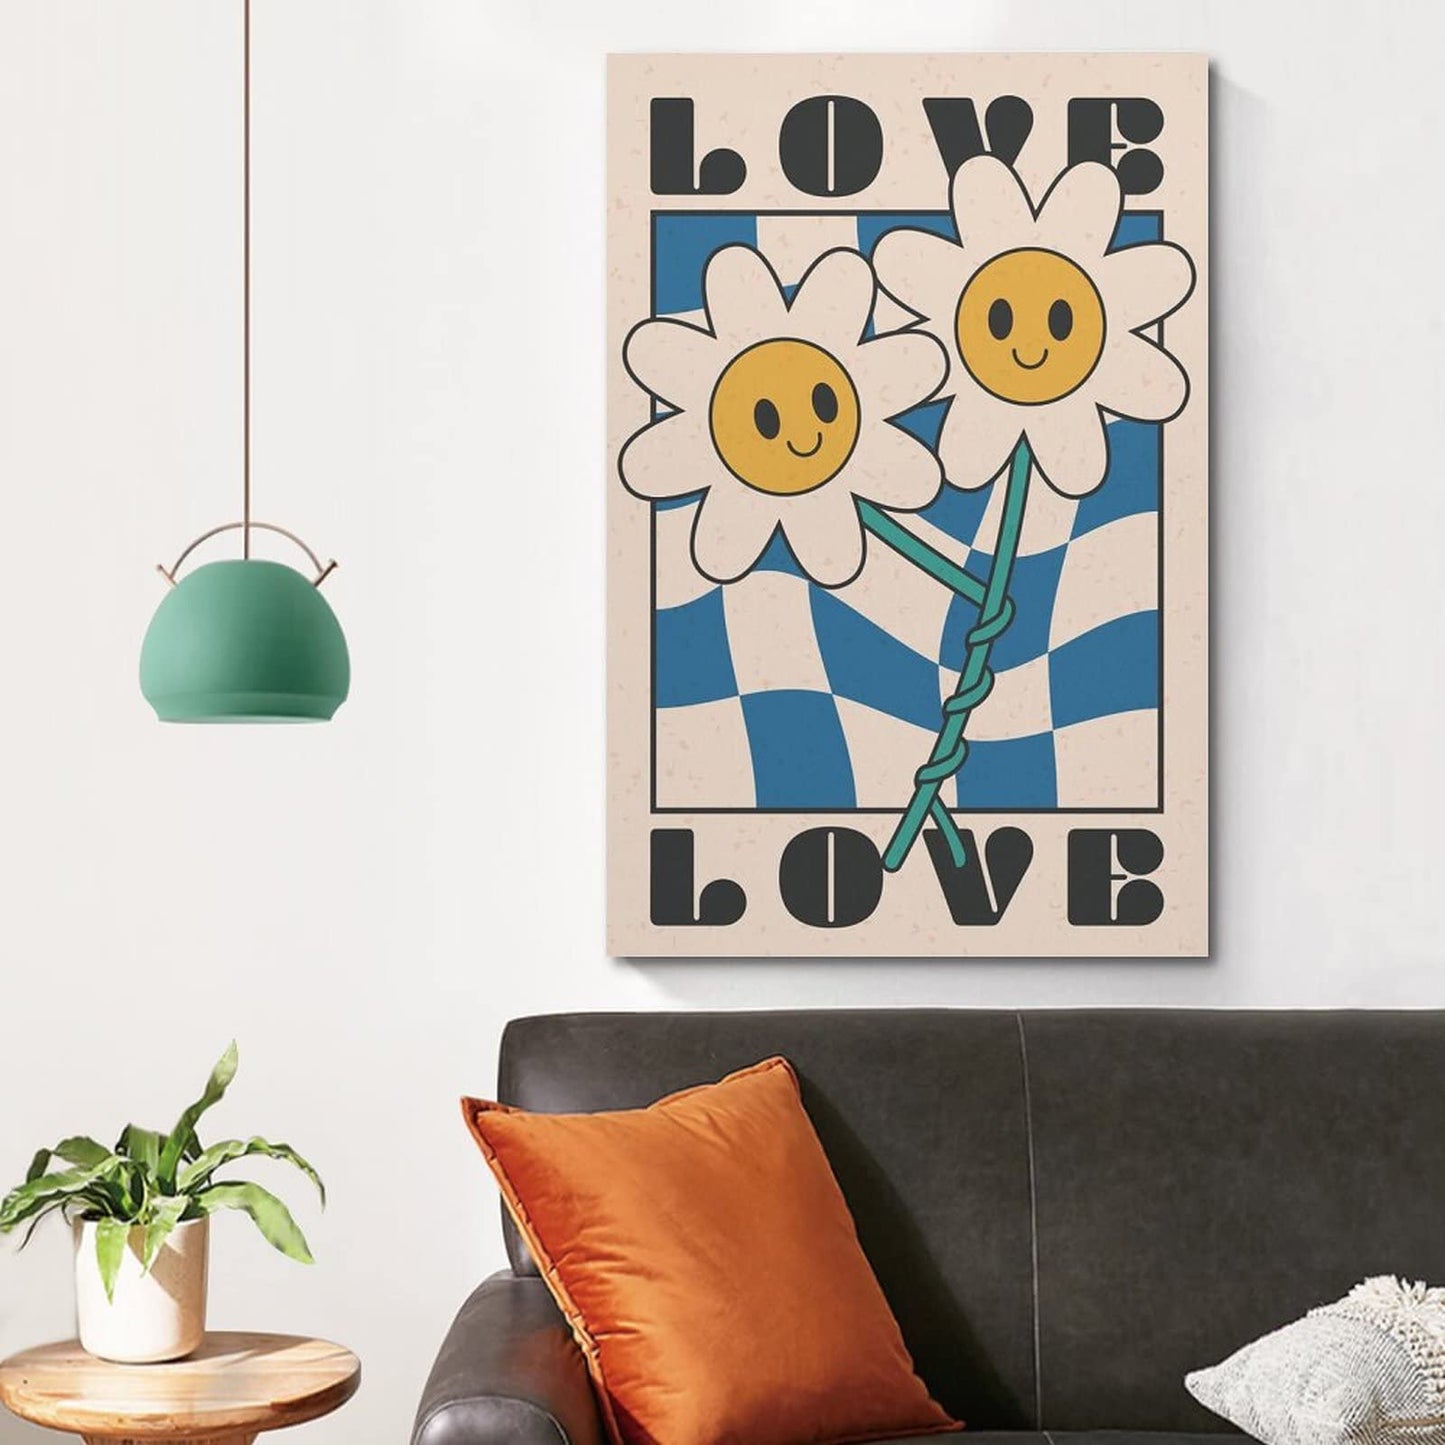 Smile Flower Poster Vintage Posters Retro Aesthetic Room Decor Poster Decorative Painting Canvas Wall Art Living Room Posters Bedroom Painting 12x18inch(30x45cm)
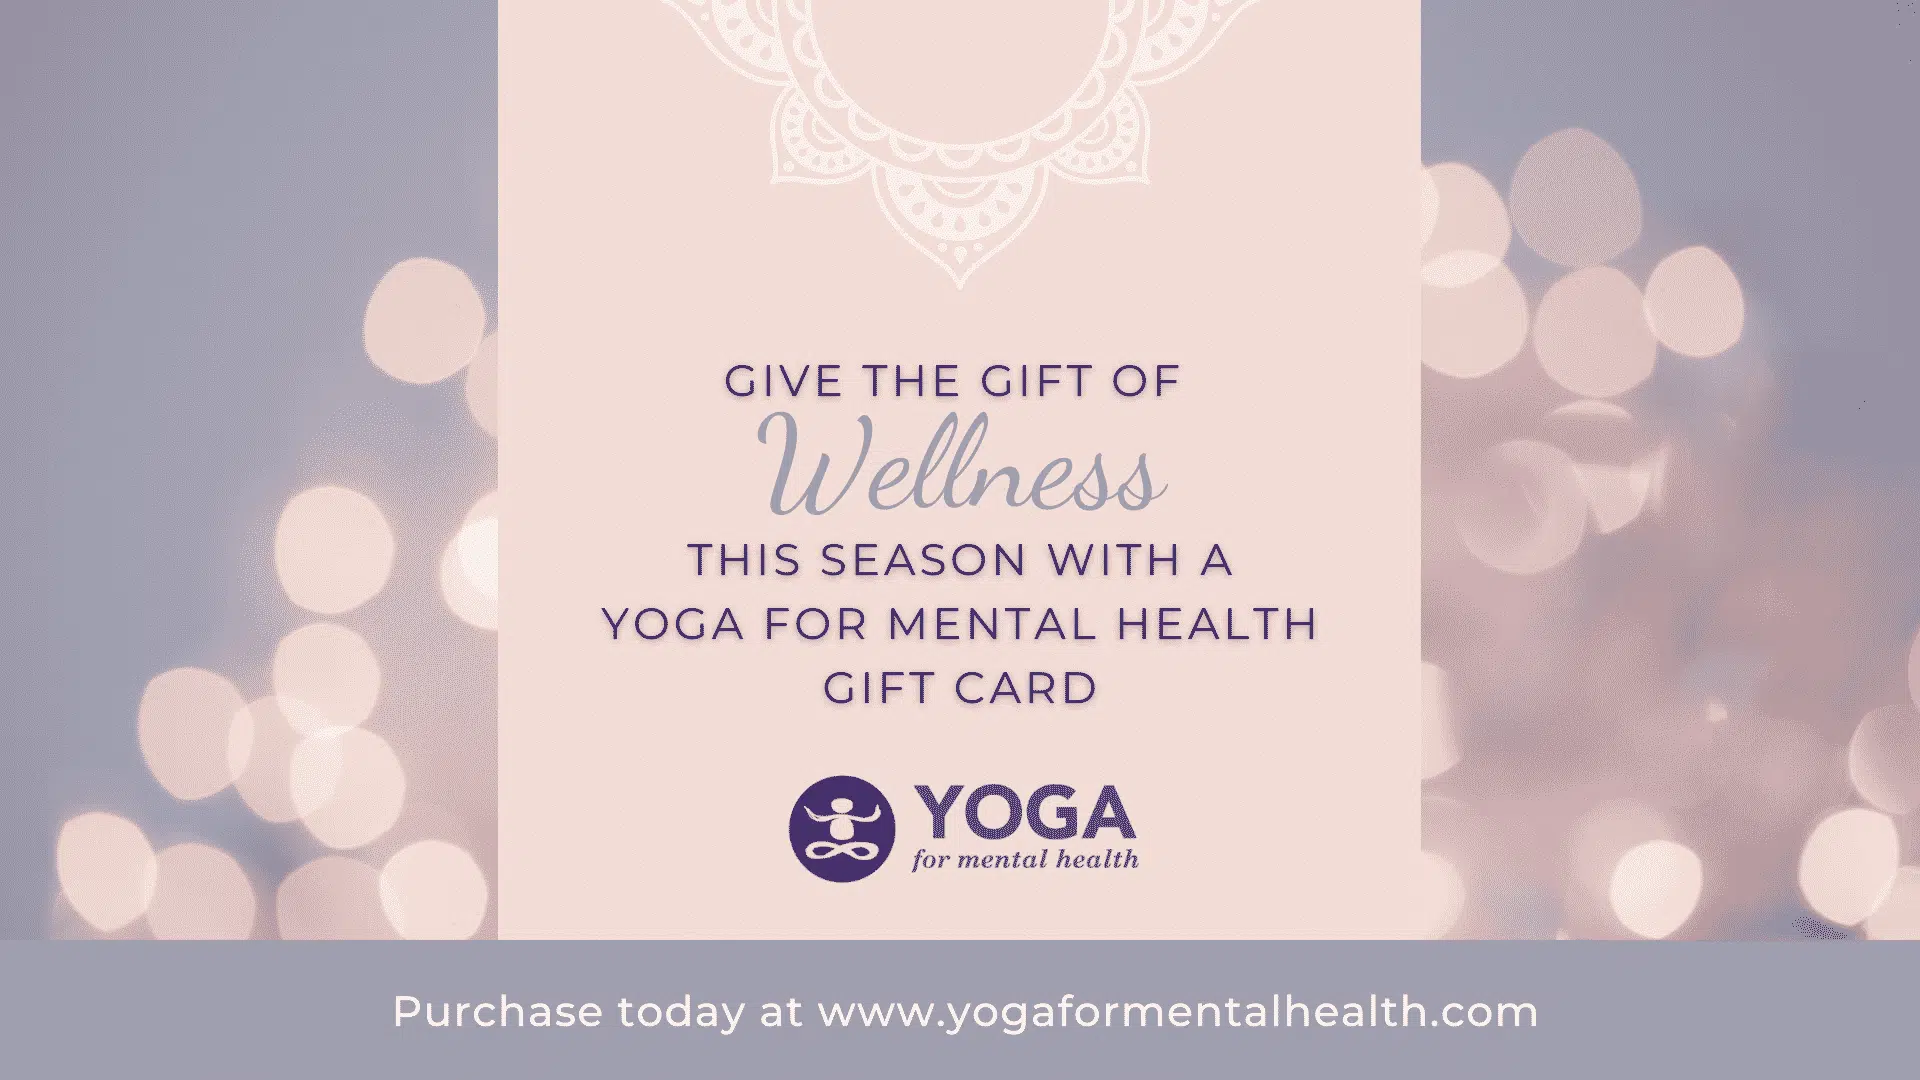 Yoga for Mental Health Gift Cards Now Available! - Yoga for Mental
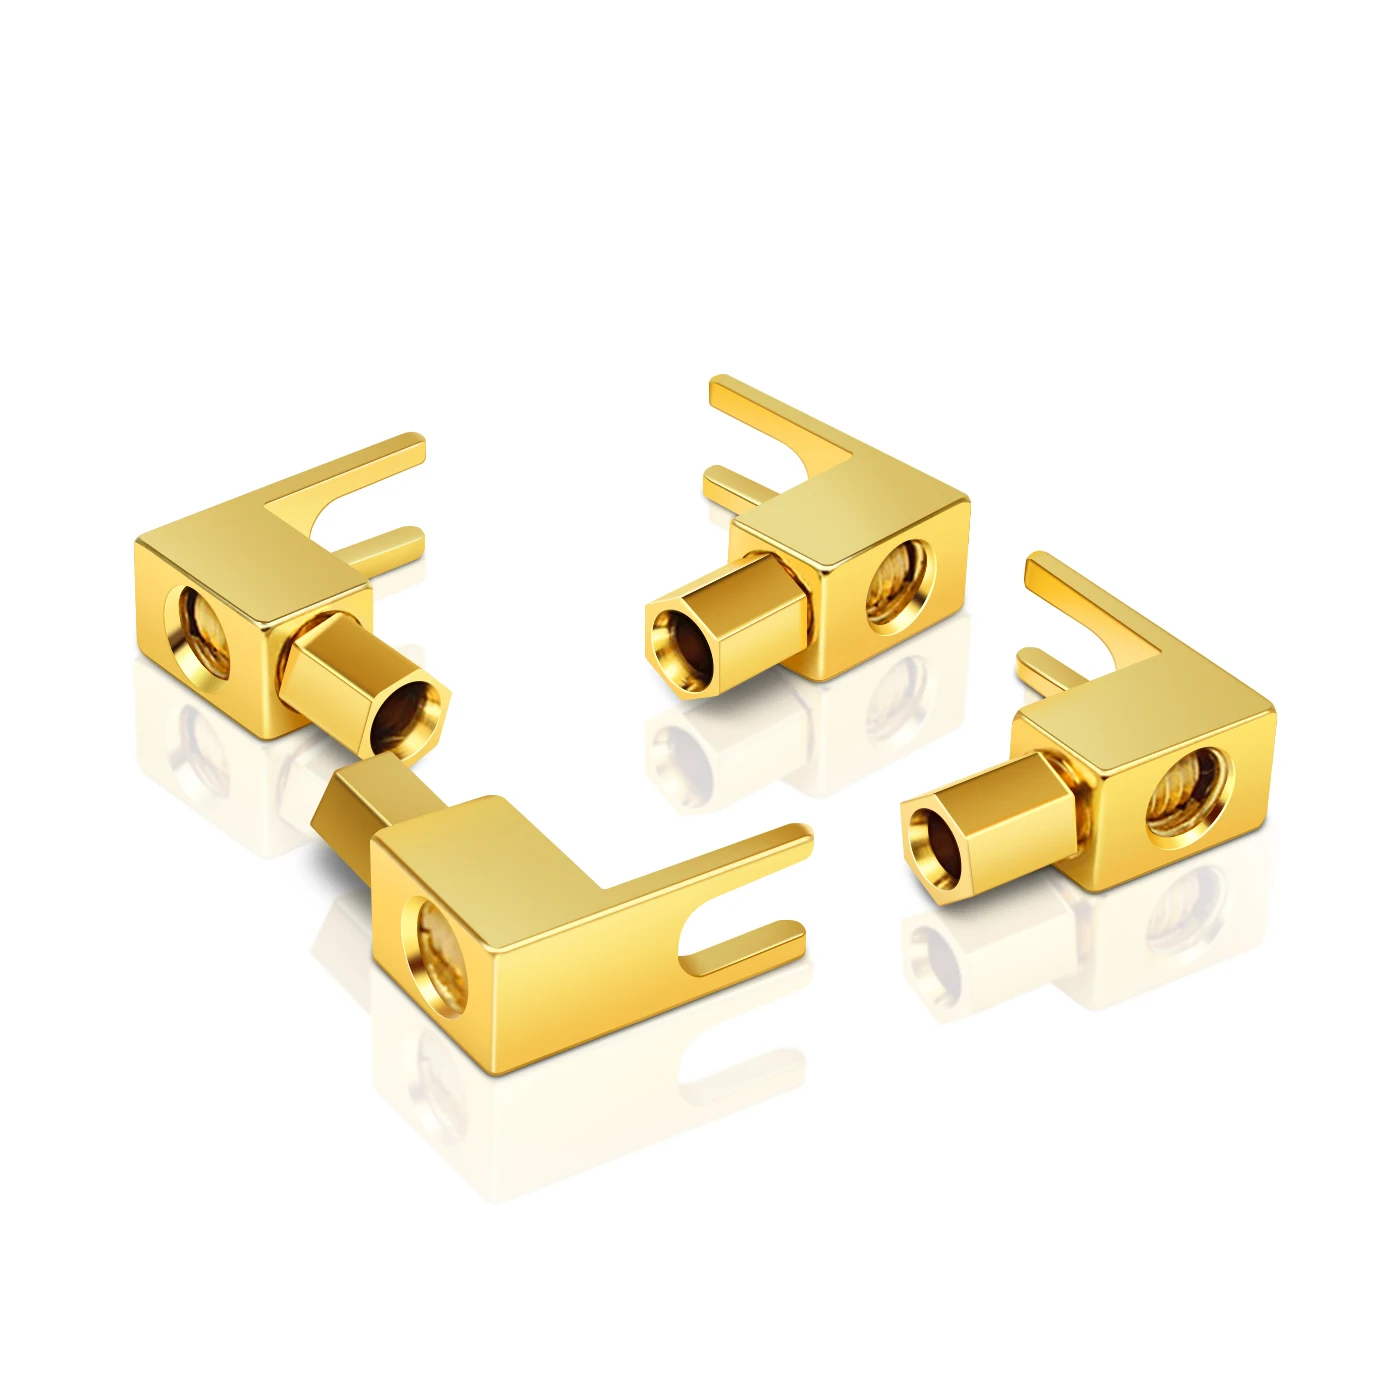 

4/8pcs SY1529 Hi-End 24K Gold Plated Repair Parts Right Angle Speaker Cable Spade Plug Hifi Audio Speaker Cable Connector Plug
..............................
▶ _Task instructions_
Please set the data above down exactly, with the pictures removed.

▶ _Finished task_
 Smile Flower Poster Vintage Posters Retro Aesthetic Room Decor Poster Decorative Painting Canvas Wall Art Living Room Posters Bedroom Painting 12x18inch(30x45cm)
 Yoga for Mental Health Gift Cards Now Available! - Yoga for Mental

4/8pcs SY1529 Hi-End 24K Gold Plated Repair Parts Right Angle Speaker Cable Spade Plug Hifi Audio Speaker Cable Connector Plug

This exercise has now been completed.